11 Nisan 2010 Pazar

SINGAPORE, ONE DAY EXPERIENCE








Yollar boyu yürüdükten sonra aylardır hasretini çektiğimiz sinemaya gitme istediğimizi burada tatmin etmeye karar vermiştik. Koşar adımlarla gediğimiz alışveriş merkezinin üst katına çıktık. Hemen 3D “Alice In Wonderland” filmini sorduk ama çoktan yayından kalmıştı. Bu durumda el mahkumu yine 3D “Trainin the Dragons” adlı fantastik çizgi filme girmeye karar verdik. Saat ise henüz çok erkendi, yani Burger King yenmezdi de başka ne yapılırdı. En büyük seçim hamburgerimi sanki İstanbul’da Kanyon’daymışımcasına yedim bitirdim. Vanessa ise McDonald’s yemeyi tercih etti. İkimiz de çocuklar gibi mutluyduk. Tek sıkıntımız bu çılgın klimalardı. Bir şehir bu kadar sıcak ve nemliyken, bir alışveriş merkezi, bir sinema bu kadar soğuk ve kuru nasıl olabilirdi.

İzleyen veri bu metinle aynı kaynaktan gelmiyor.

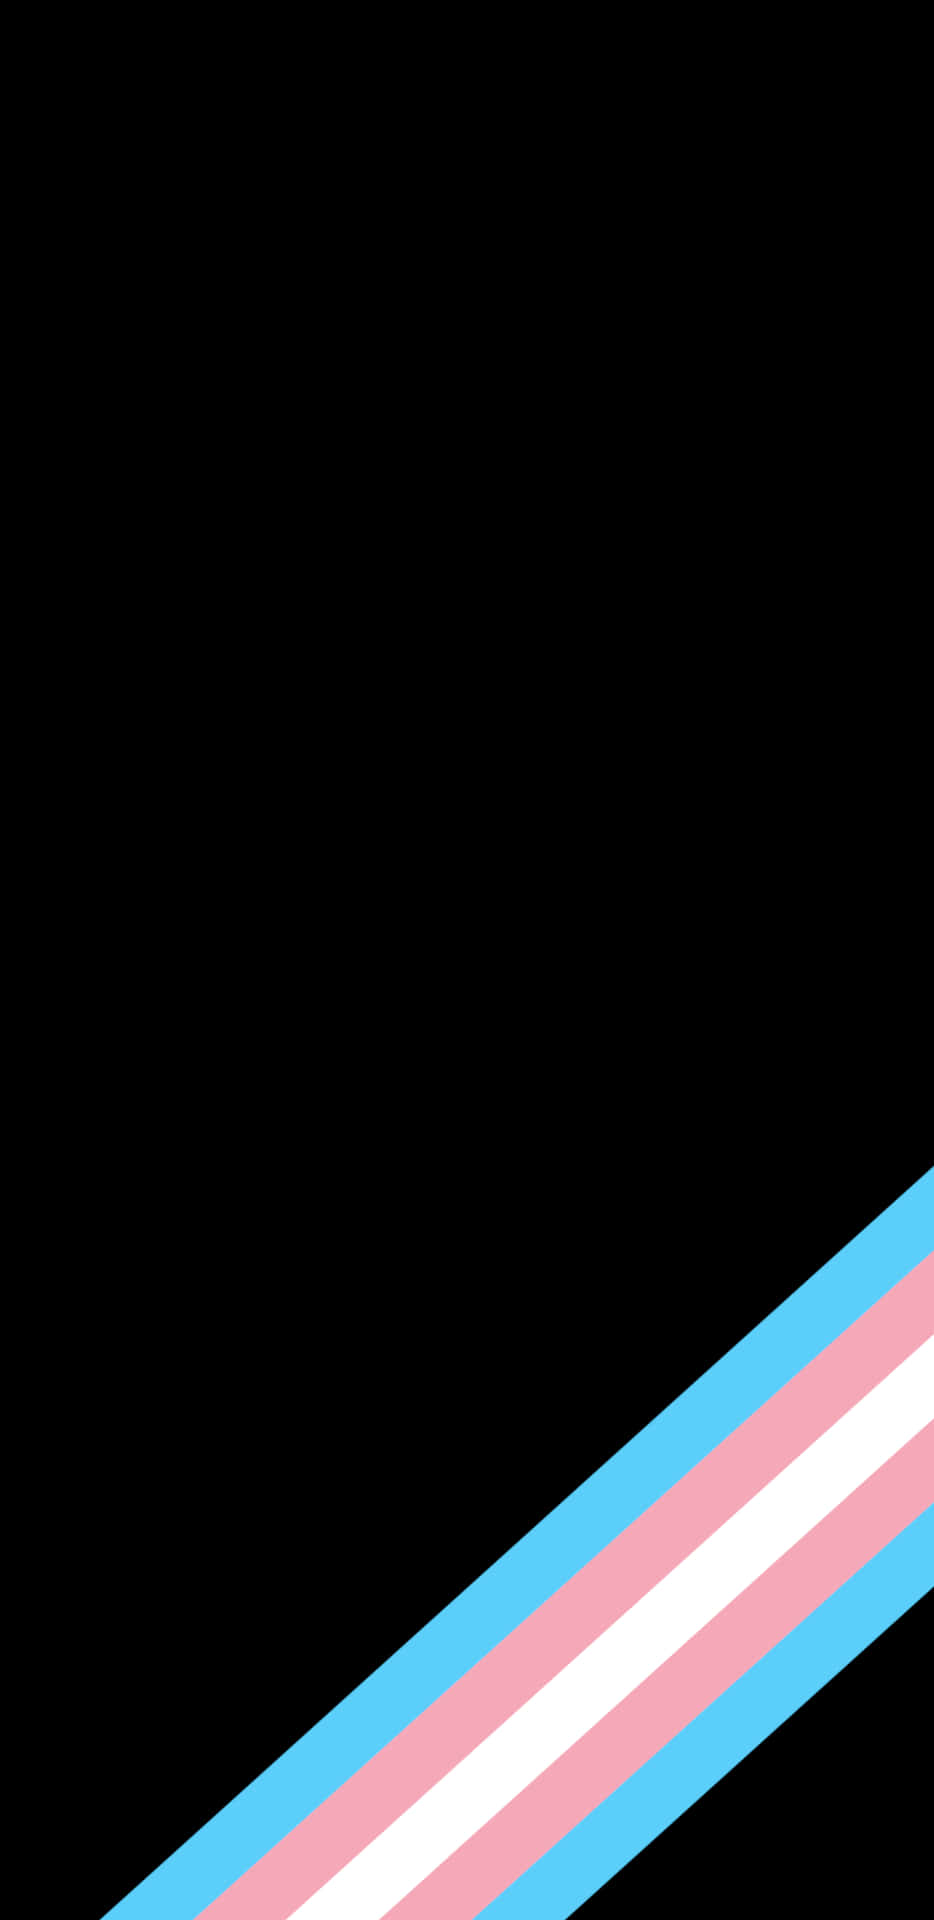 Amoled Background Transgender Flag Colors

Parmak uçlarımın önce morarıp sonra da donma kıvamına ulaştığını söylesem inanın abartmış olmam.


Film bittiğinde henüz günün ortasına gelmiştik. Yine kendimizi sokaklara attık ve yollar boyu yürümeye başladık. Evet şimdi sıra ülkenin kutsal hayvanı olan Balık ve Aslan karışımı heykeli ziyaret etmeye gelmişti. Ama o da neydi? Yağmur başlamıştı. Güneşten korunmak için kullandıkları şemsiyelerini şimdi de yağmurdan korunmak için kullanıyorlardı. Ne kadar da pratik olduklarını düşünmeden edemedim doğrusu… Birkaç fotoğraf çekip, hafifçe ıslandıktan hemen sonra China Town’a yürümeye karar verdik.
Belki de pek iyi bir fikir değildi bu ama, burada yapılması gerekenler listesinin başında yer alıyordu. Bu durumda tabana kuvvet yine yürümeye başladık. Çin mahallesine geldiğimiz de burada fazla bize göre bir şey olmadığını keşfetmemiz çok zamanımızı almadı ve hemen metroya binerek “Orchard Road” a doğru yol aldık.